Ali Akbar Salari1, Fariba Binesh2

ABSTRACT

Background: Acute appendicitis is the most common cause of acute abdominal pain. Early diagnosis and management decrease morbidity and mortality. Diagnosis is usually based on clinical data; history and physical examination. Anorexia is present in almost all cases. In the absence of such symptoms, the probability of the disease decreases.

Objective: This study was designed to determine sensitivity and specificity of anorexia in diagnosis of acute appendicitis.

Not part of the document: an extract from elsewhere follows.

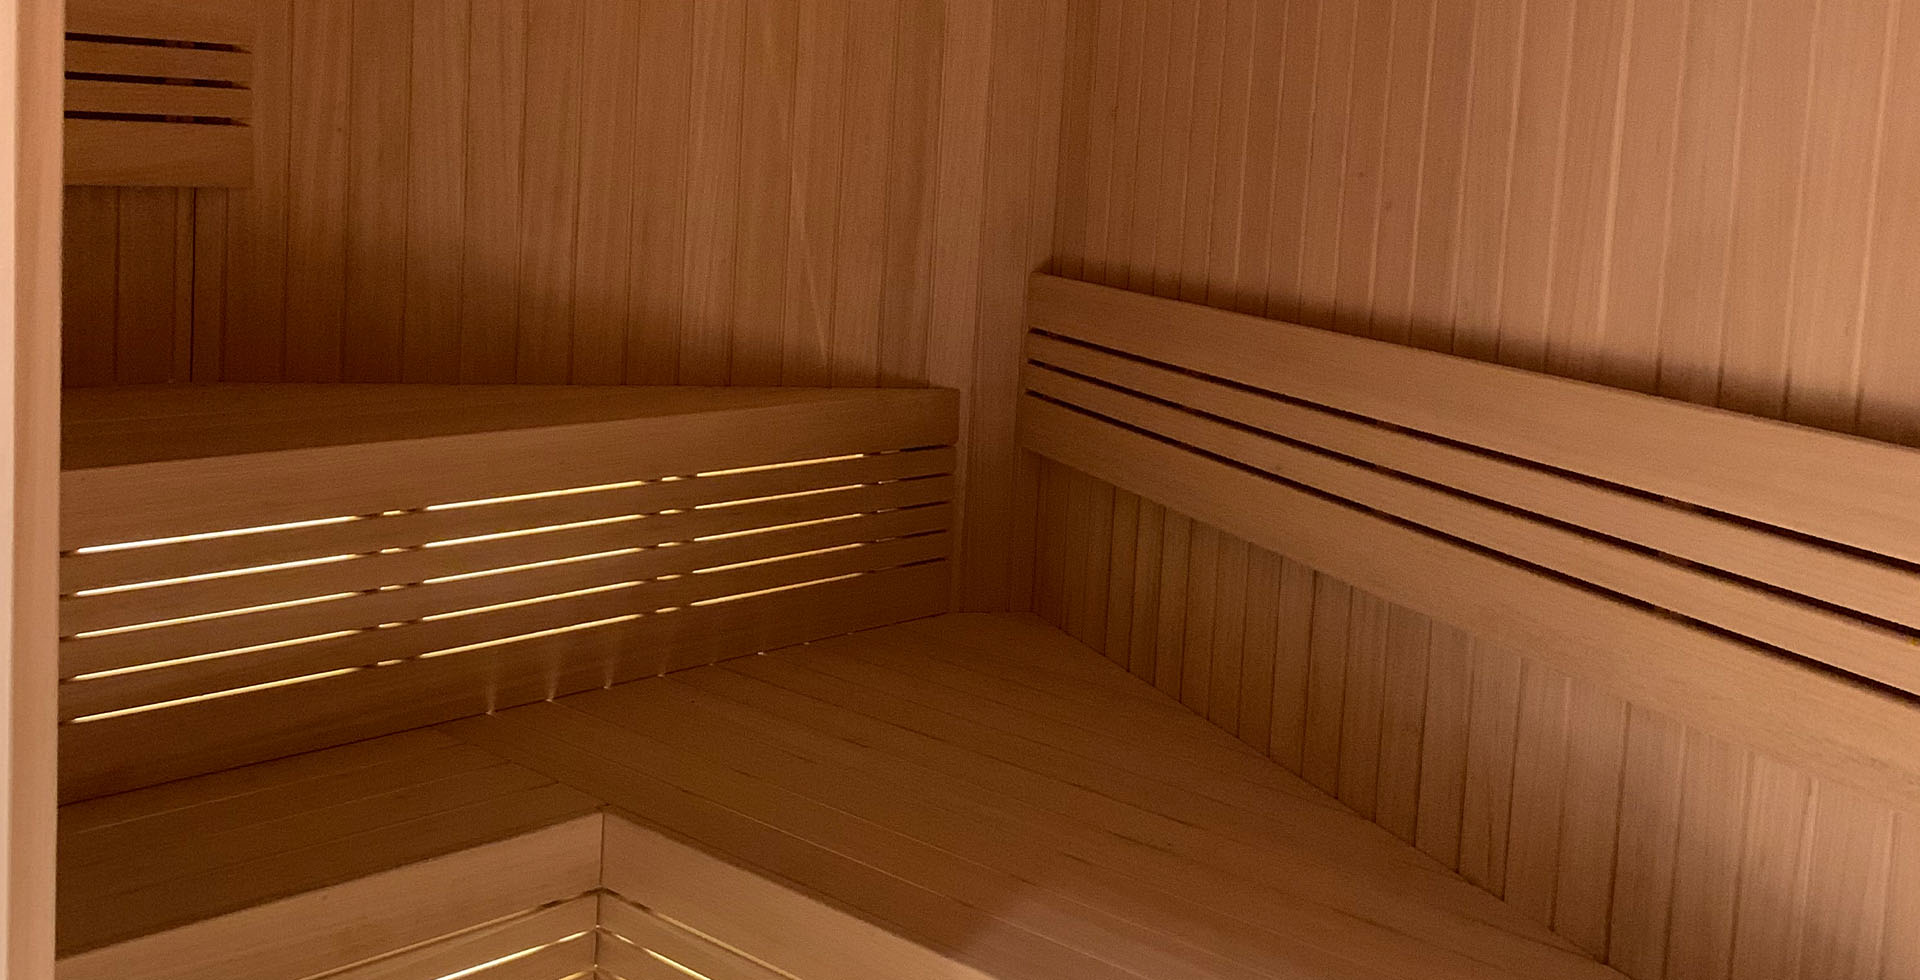 Industrial Tranquility: Sauna Dekor's Bochum Sauna, A Designer's Urban Oasis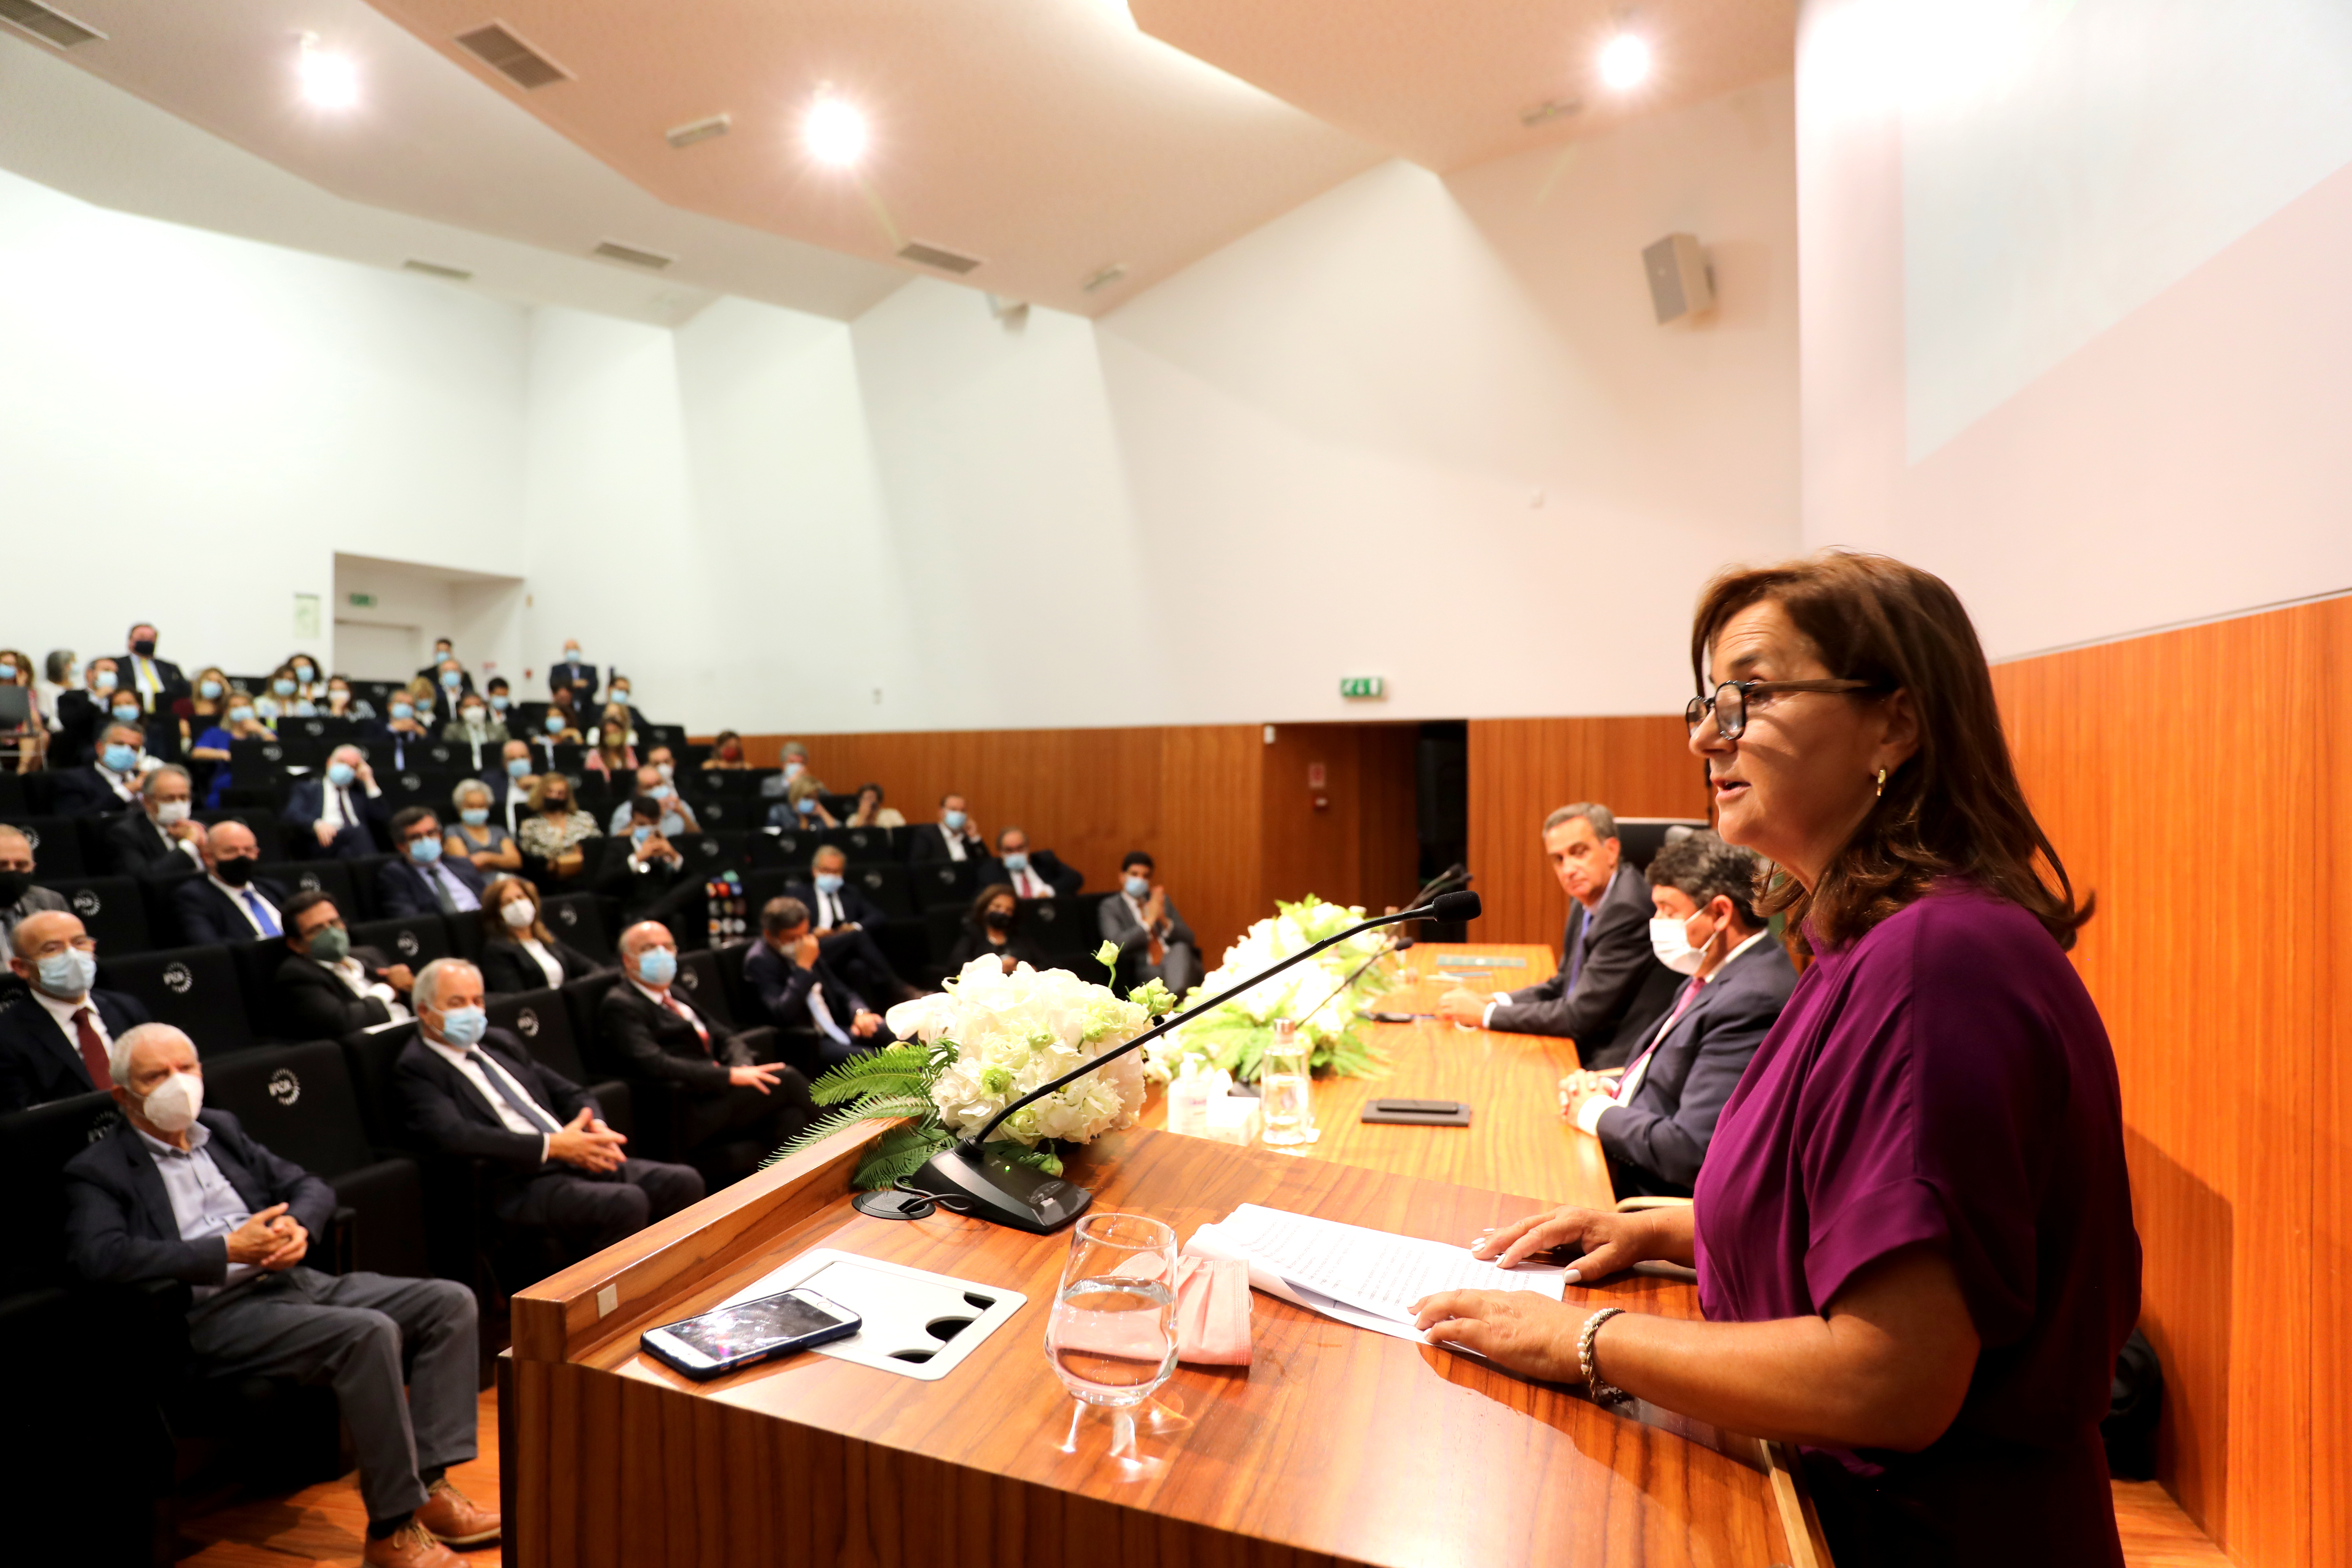 Tomada de posse de Maria José Fernandes como Presidente do IPCA

Methods: All cases of acute abdominal pain admitted in Shahid Rahnemoon and Aafshar hospitals Yazd Iran with primary diagnosis of acute appendicitis during 10 months were evaluated. History of anorexia was recorded and the patients were followed up to determine definite diagnosis by pathology report.

Results: Out of a total of 465 cases, 400 (86%) cases were confirmed of appendicitis. Three hundred thirty five (83.75%) of these patients and 49 (75.34%) of other patients had anorexia (P value =0.09). Sensitivity was 83.75% and specificity was 24.61%. Positive predictive value was 87.2% and Negative predictive value was 19.8%.

Conclusion: Anorexia increases probability of appendicitis but its absence cannot rule out diagnosis of acute appendicitis.

KEY WORDS: Acute appendicitis, Anorexia, Diagnosis.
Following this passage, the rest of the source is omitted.